He needs to go back to school. Unrelenting sarcasm and mockery is not a successful cross-examination technique. He comes off as a bully. His questions are designed to express his thoughts and then present them to the witness. Witness examination is not the time to express your thoughts, you do that in closing. I've seen the judge take him to task for his overly confrontational style before in this trial.
I'm hoping for an alternative sentence. My best guess is he will get it, with a lot of community work, or he'll get a token (shock)sentence -- 1 or 2 years so he never forgets the experience and it will serve as a hefty deterrent to committing negligent/reckless acts in the future.
The most effective trial lawyers modulate their tone and go from soft and easy, polite, curious, to sharp, not in any particular order. It keeps the witness wondering what is coming next, leaving less time to focus on memorized answers to expected questions
One of my first trials many decades ago was for a biker in a nationally prominent club who I had gotten off a drug charge. He and his wife got divorced. She then got a DUI and he moved for sole custody. The courthouse was a tiny one in the mountains, built in the 1800's.The room was so small the four of us had to sit at the same table. (usually each side gets their own table.) I got about halfway through my cross-examination of the wife when the judge stopped and asked the lawyers to come into chambers.
In chambers, the Judge said to me, "It's hard enough to take a woman's kids away without you acting like she committed Murder I." Point taken, great advice.The advice has stayed with me all these years. (Now I reserve that attitude for cops and agents, and even then, avoid using the same tone from start to finish.) Nel needs to have a friend point that out to him. He's a advocate, he should present and argue his case without sarcasm, without mocking or belittling the witness' answers, and without denigrating her views. Perhaps if he spent a little more time preparing his cross the night before court, he could get that down and be much more effective. Up until now, he has come across as a pompous meanie. I mute him a lot.

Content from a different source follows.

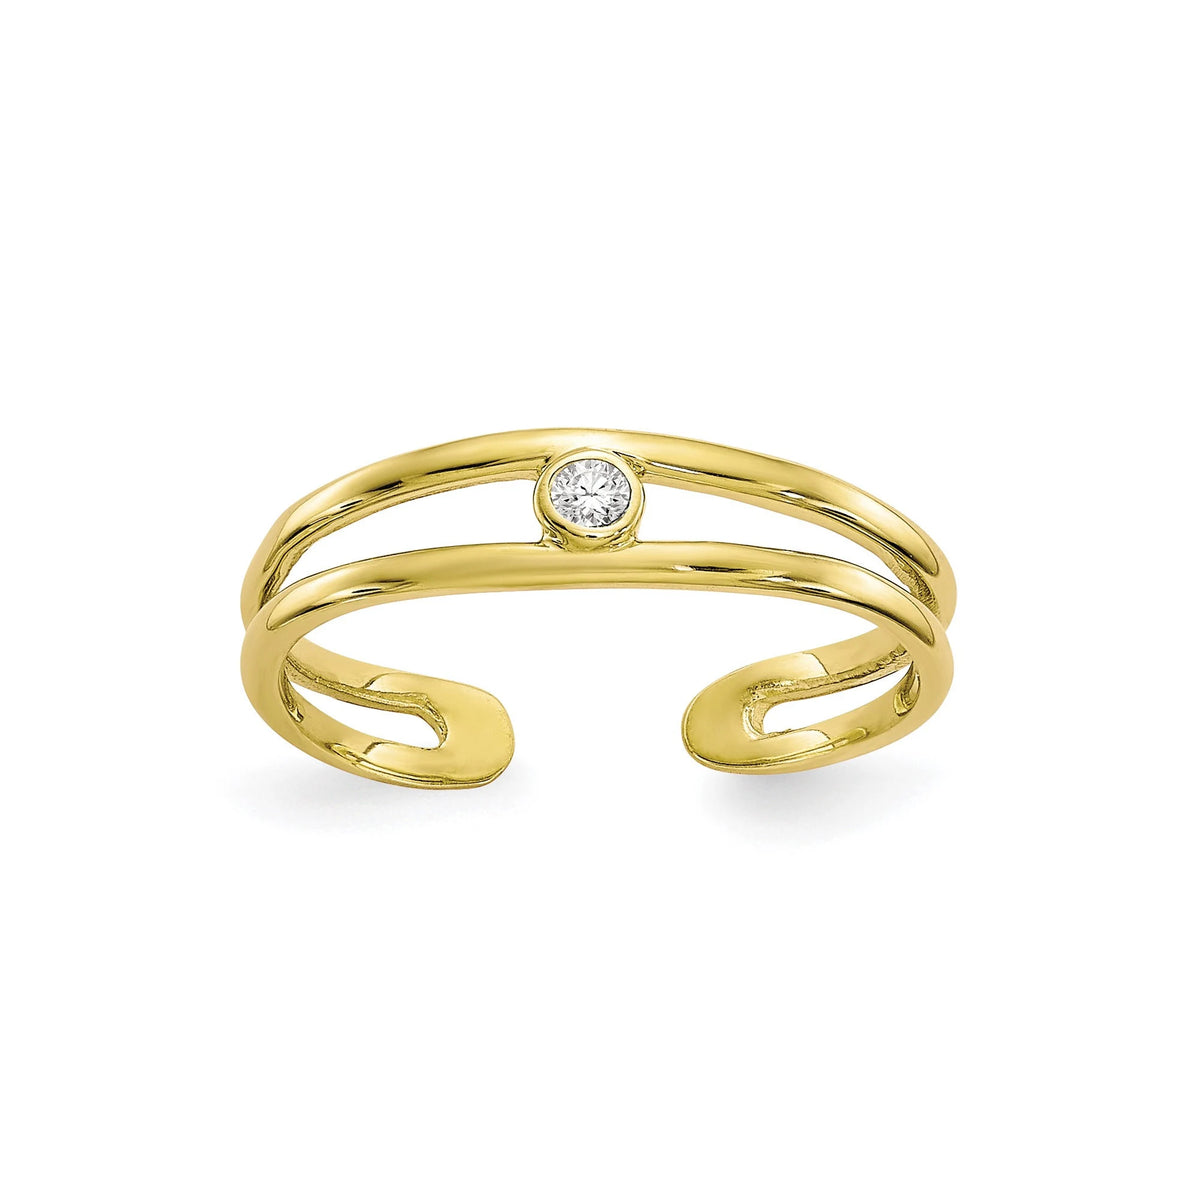 10k Yellow Gold & CZ Solid Toe Ring - Gift Box Included - Made in USA

The Judge has expressed her displeasure with his behavior during the trial. I'll bet he pays some kind of "tax" for it in terms of the length of Oscar's sentence. He's not going to get the sentence he wants. Oscar's lawyer, Barry Roux, on the other hand, is a terrific lawyer -- both in temperment and in substance. He may not get everything he wants, but he has good arguments and he is courteous in demeanor. My predictions: The sentence will be closer to what Roux wants than what Nel wants.